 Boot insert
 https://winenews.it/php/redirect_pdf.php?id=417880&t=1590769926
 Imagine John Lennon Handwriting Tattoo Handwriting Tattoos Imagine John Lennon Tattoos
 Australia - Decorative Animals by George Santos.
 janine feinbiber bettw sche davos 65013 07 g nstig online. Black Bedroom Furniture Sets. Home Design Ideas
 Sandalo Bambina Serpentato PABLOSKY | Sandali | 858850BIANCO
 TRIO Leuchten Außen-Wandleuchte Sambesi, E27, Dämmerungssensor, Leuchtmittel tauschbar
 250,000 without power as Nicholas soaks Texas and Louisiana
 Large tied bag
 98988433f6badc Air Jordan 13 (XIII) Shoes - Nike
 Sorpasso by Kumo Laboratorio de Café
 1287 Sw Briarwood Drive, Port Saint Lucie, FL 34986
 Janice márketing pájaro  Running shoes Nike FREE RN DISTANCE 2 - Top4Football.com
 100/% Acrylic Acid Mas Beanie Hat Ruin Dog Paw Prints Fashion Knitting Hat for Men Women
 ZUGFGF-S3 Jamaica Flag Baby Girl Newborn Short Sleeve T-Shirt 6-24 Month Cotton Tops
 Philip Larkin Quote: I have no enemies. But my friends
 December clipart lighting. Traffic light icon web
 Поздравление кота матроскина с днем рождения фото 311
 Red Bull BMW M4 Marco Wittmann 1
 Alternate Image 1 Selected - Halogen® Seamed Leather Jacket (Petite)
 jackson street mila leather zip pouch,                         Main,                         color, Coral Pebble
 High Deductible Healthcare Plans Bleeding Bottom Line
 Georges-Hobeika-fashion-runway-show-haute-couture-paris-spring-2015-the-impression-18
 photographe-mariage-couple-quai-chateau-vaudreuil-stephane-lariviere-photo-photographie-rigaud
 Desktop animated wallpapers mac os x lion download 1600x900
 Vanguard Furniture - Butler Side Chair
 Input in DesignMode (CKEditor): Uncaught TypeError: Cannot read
--*--
In the entries above, find each line with the string "Furniture" and copy it.

 janine feinbiber bettw sche davos 65013 07 g nstig online. Black Bedroom Furniture Sets. Home Design Ideas
 Vanguard Furniture - Butler Side Chair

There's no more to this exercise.